Die Völker der Welt, welcher Rasse oder Religion sie auch angehören, verdanken ihre Erleuchtung derselben himmlischen Quelle. Sie sind einem einzigen Gott untertan. Unterschiede der Regeln und Riten, denen sie folgen, müssen den wechselnden Erfordernissen und Bedürfnissen der Zeitalter zugeschrieben werden, in denen sie offenbart wurden. Alle bis auf wenige, die aus menschlichen Launen entstanden, wurden von Gott verfügt und sind eine Widerspiegelung Seines Willens und Zieles. Erhebt euch und zerschlagt, bewaffnet mit der Kraft des Glaubens, die Götzen eures leeren Wahns, die Zwietracht unter euch säen. Haltet euch an das, was euch zusammenführt und eint.
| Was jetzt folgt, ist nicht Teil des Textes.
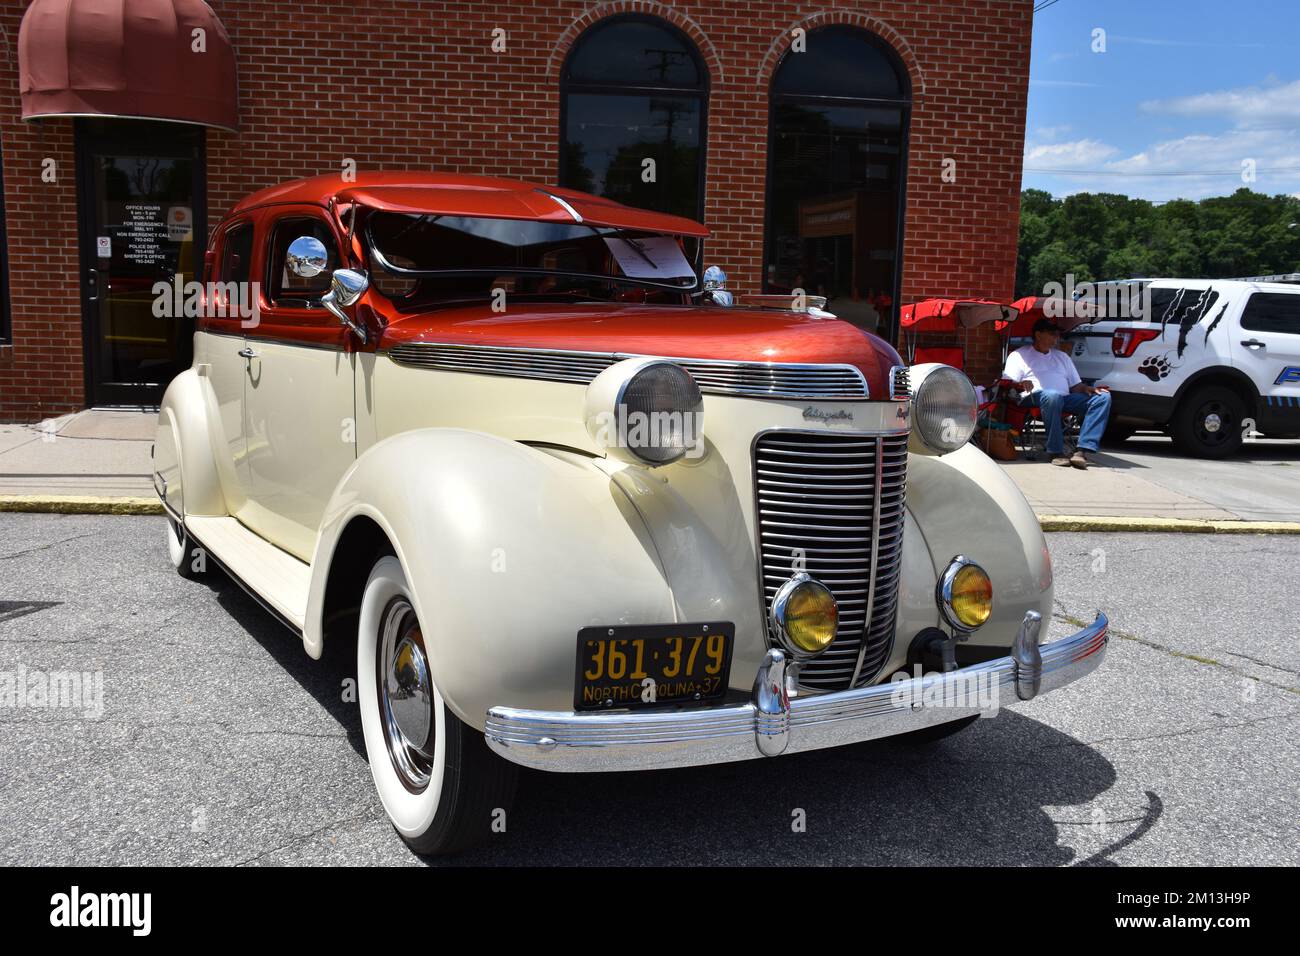 A 1937 Chrysler Royal on display at a Car Show. Stock Photo

Ein solcher Mahnruf nötigt nicht dazu, den Glauben an die grundlegenden Wahrheiten irgendeines der grossen Glaubenssysteme der Welt aufzugeben. Ganz im Gegenteil. Glaube befiehlt sich selbst und rechtfertigt sich selbst. Was andere glauben oder nicht glauben, darf auf ein persönliches Gewissen, das diesen Namen verdient, keinen Einfluss haben. Obige Worte drängen jedoch unmissverständlich zur Aufgabe aller Superioritäts-, Ausschliesslichkeit- und Endgültigkeitsansprüche, die mit ihrem erdrückenden Ungeist mehr als alles andere jeden Einigungsimpuls zunichte machen und Hass und Gewalt schüren.

Auf genau diese historische Herausforderung, so glauben wir, müssen die Häupter der Religionen jetzt antworten, wenn religiöse Leitung in der aus den umwälzenden Erfahrungen des zwanzigsten Jahrhunderts hervorgehenden globalen Gesellschaft noch Bedeutung haben soll. Ganz offensichtlich erkennt eine wachsende Zahl von Menschen mittlerweile, dass die allen Religionen zugrunde liegende Wahrheit dem Wesen nach eine ist. Diese Einsicht entsteht nicht als Ergebnis theologischer Dispute, sondern als intuitive Erkenntnis aus den immer ausgedehnteren Erfahrungen mit anderen und der allmählich dämmernden Anerkennung der Einheit der Menschheitsfamilie. Aus vergangenen Zeiten ist eine Unzahl religiöser Lehrsätze, Rituale und Gesetze überliefert; aus ihnen erwächst heute eine Ahnung davon, dass geistiges Leben — wie die Einheit, die sich in verschiedenen Nationalitäten, Rassen und Kulturen manifestiert — eine grenzenlose, für jedermann gleichermassen zugängliche Wirklichkeit ist. Damit diese diffuse und noch vorläufige Einsicht sich vertiefen und wirksam zum Aufbau einer friedlichen Welt beitragen kann, ist sie von jenen, bei denen die Massen der Welt selbst zu so später Stunde noch Führung suchen, aus vollem Herzen zu bestätigen.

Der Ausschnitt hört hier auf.